3. Neuralrohr Dissection und Oberflächen

  1. Vor Durchführung der Dissektionen, bereiten die Kulturschalen 14. Zunächst beschichten Deckgläser mit genügend Lösung von 200 ug / ml Poly-Lysin in PBS zu bündeln über die Oberfläche des Deckglases, entweder Mattek-oder Lab-Tek Kulturschalen und inkubieren für eine Stunde (alternativ könnte man Deckgläschen sitzen lose in einer Petrischale für die spätere Platzierung auf Glas-Objektträger für die Bildgebung und Immunzytochemie). Absaugen und waschen mit einem Überschuss an PBS 3 mal, und trocknen lassen. Dann coat Gerichte mit 10 ug / ml Laminin in PBS (wir normalerweise 500 ul pro Deckglas, genug, um Pool über der Oberfläche) für eine Stunde bei 37 Grad. Absaugen Laminin-Lösung und 3 x waschen mit einem Überschuss an PBS, man aufpassen, nicht zu lassen, Laminin-beschichteten Oberflächen freigelegt werden, um die Luftschnittstelle. Replace PBS mit Kulturmedium (50% Ringerlösung, 49% L-15 Medium, 1% fötalem Rinderserum, plus 50 ug / ml Penicillin / Streptomycin und Gentamycin, pH 7,4 und filtersterilisiert). (Ringer-Media, 115 mM NaCl, 2,5 mM KCl, 2 mM CaCl 2, 10 mM Hepes pH 7,4, 0,5 mM EDTA).

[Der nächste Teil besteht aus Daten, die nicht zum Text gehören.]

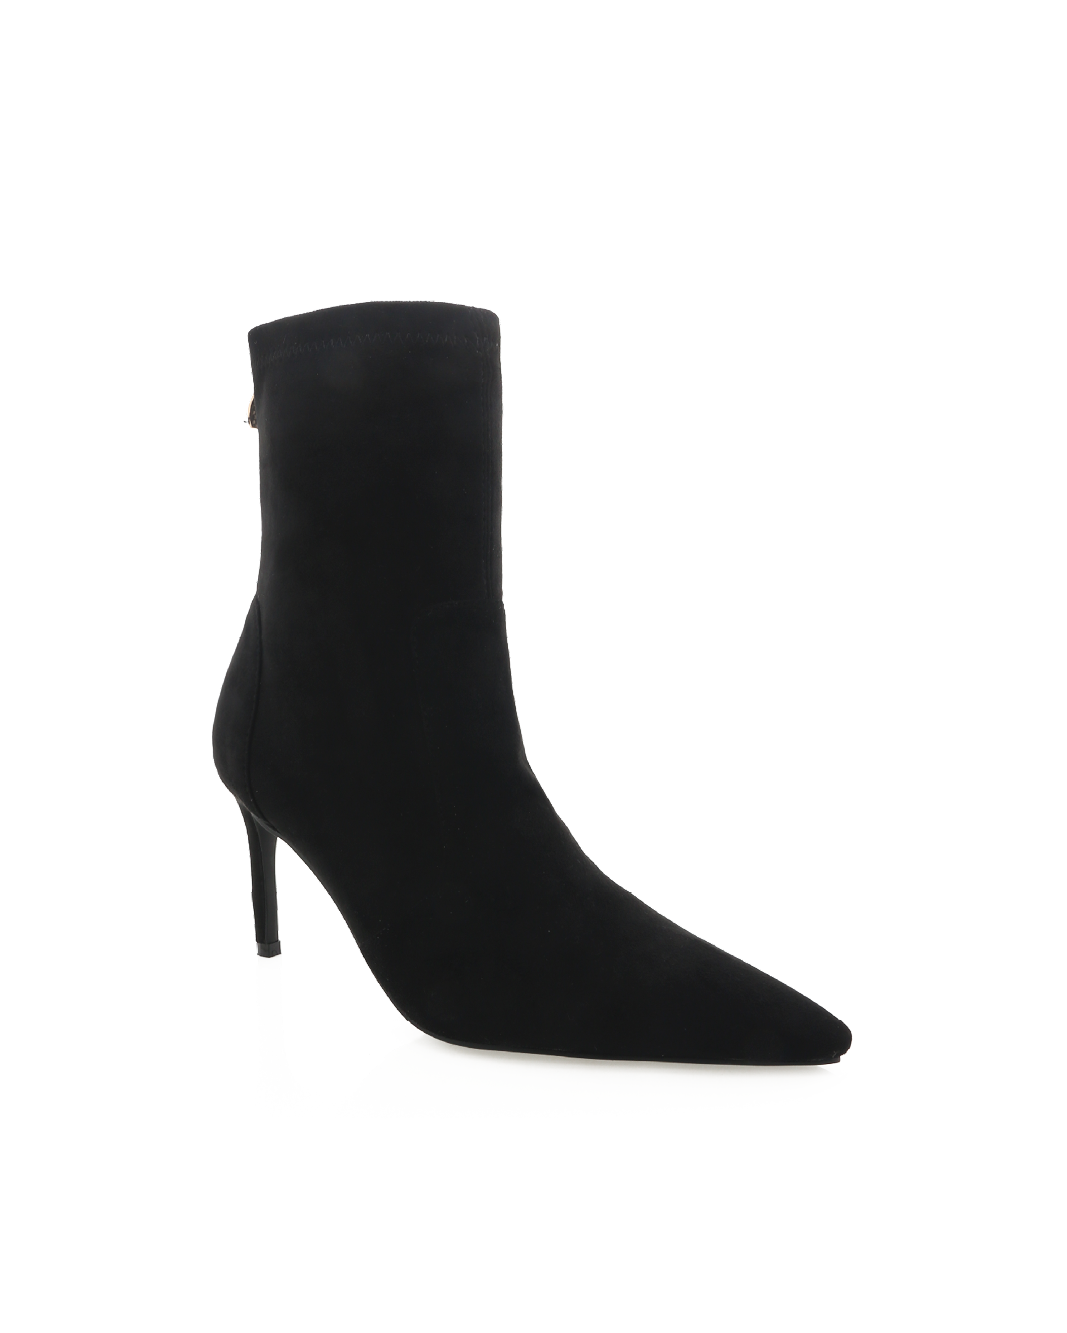 RACHAEL - BLACK SUEDE-Boots-Billini-Billini

Während unsere Protokoll verwendet dieses Medium ist anzumerken, dass dies eine gemeinsame angereicherten Medium für ältere Xenopus retinalen Ganglienzellen Kulturen, wo Neuronen reduziert Energie reserviert haben ist. Junge Rückenmarks Kulturen überleben und zu wachsen für mehr als 24 Stunden im reinen Ringers die Medien ohne zusätzliche Wachstumsfaktoren, und dies ist in der Tat einer der Vorteile der Verwendung dieses Systems. Optional: add NT3 und BDNF (bis zu Endkonzentrationen von 25 ng / ul) von Nährmedien in Axon Auswuchs erhöhen.

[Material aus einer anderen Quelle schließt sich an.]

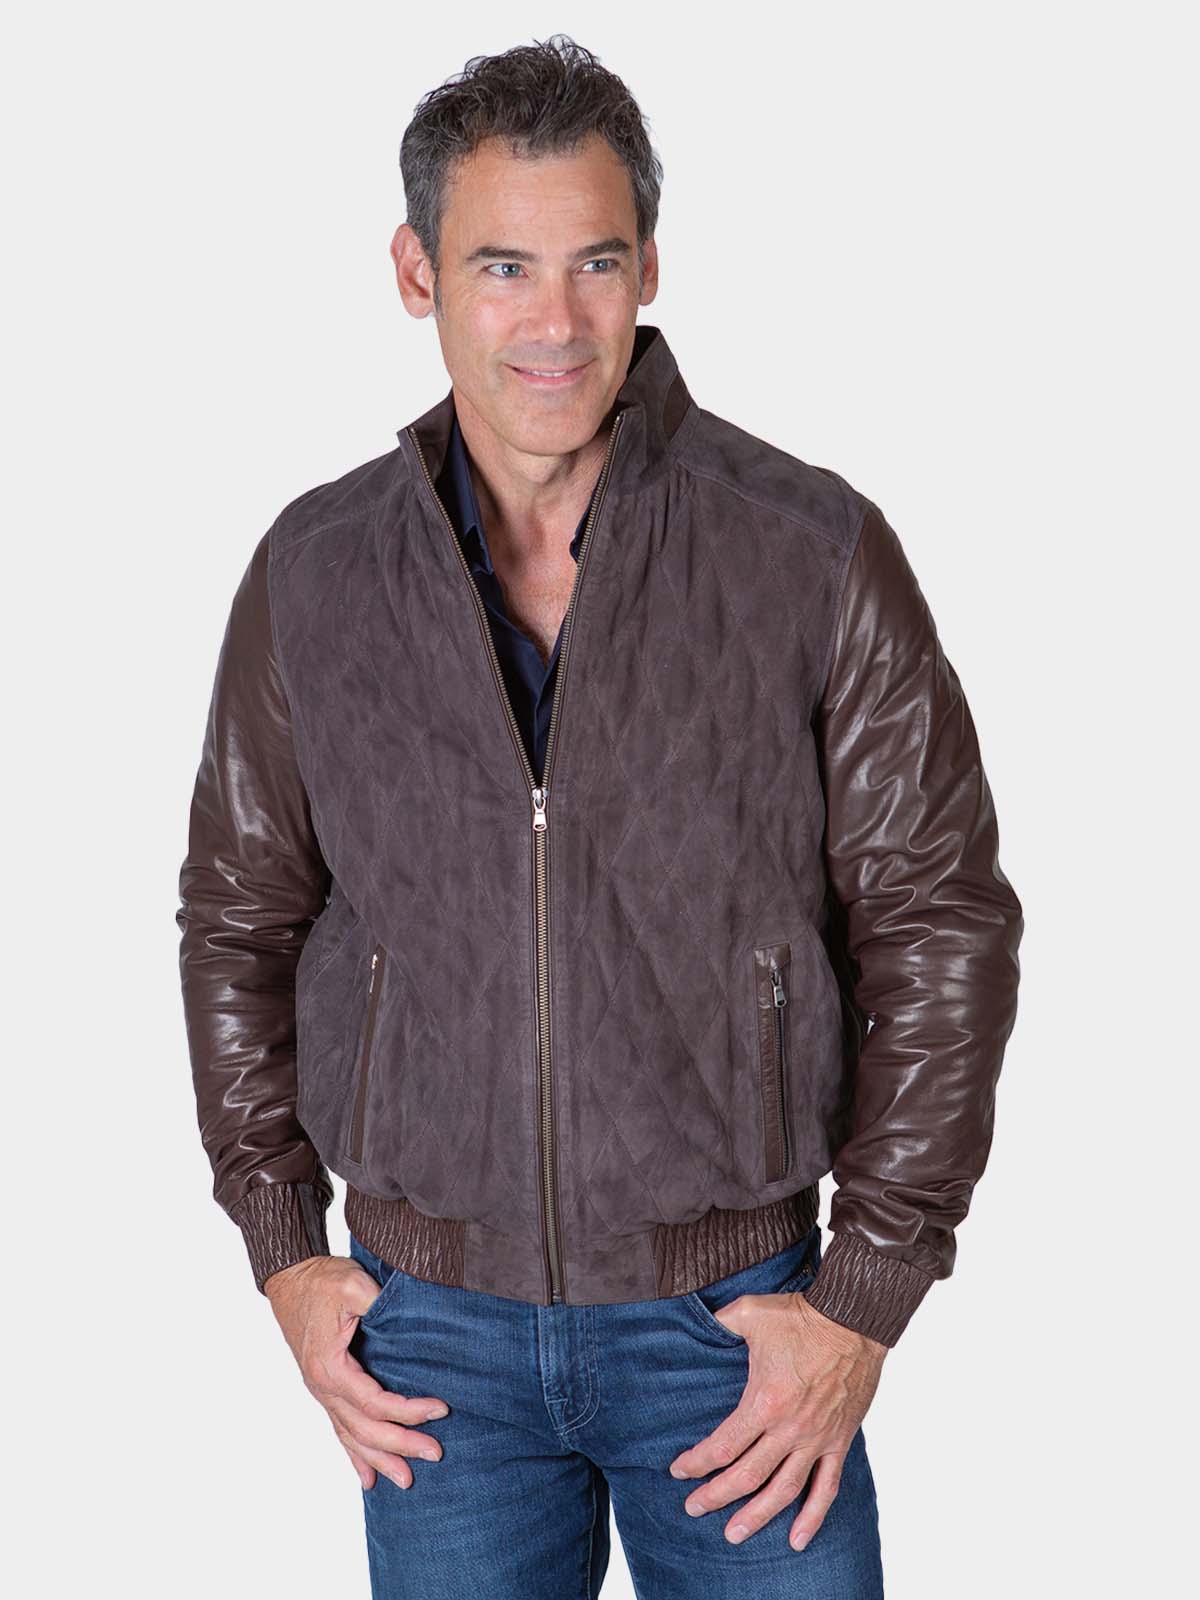 Brownstone Suede/Leather Jacket - Men's Medium | Day Furs

  2. Aufgrund der Variabilität in der Expression von mRNA injiziert, kann Embryonen weisen ein Mosaik von Fluoreszenz. Vor dem Durchführen Sezieren, Sieb Embryonen auf das Vorhandensein von Fluoreszenz, um diese Embryonen, EXP identifizierenRESS das fluoreszierende Fusionsprotein im Neuralrohr. Zeigen fluoreszierende Embryonen im Stadium 20-23 in einem Agarose-beschichtete Kunststoff-Schale mit Steinberg Medien (58 mM NaCl, 0,67 mM KCl, 0,44 mM Ca (NO 3) 2, 1,3 mM MgSO 4, 4,6 mM Tris, pH-Wert auf 7,8 dann gefüllt autoklaviert) 5. Um die Agarose-beschichtete Schale, Mantel unten Plastikschale mit geschmolzener 1% Agarose in 0,1 MMR und sei aushärten zu machen. Dies bietet eine weiche Oberfläche, so daß keine Beschädigungen an der feinen Pinzette und Wolfram Nadeln während der nachfolgenden Schritte verwendet Dissektion auftreten. Dissection von Embryonen außerhalb Stufe 23 möglich ist, aber es ist schwieriger als Gewebe stärker aneinander haften und erfordern daher längere Behandlung mit Kollagenase.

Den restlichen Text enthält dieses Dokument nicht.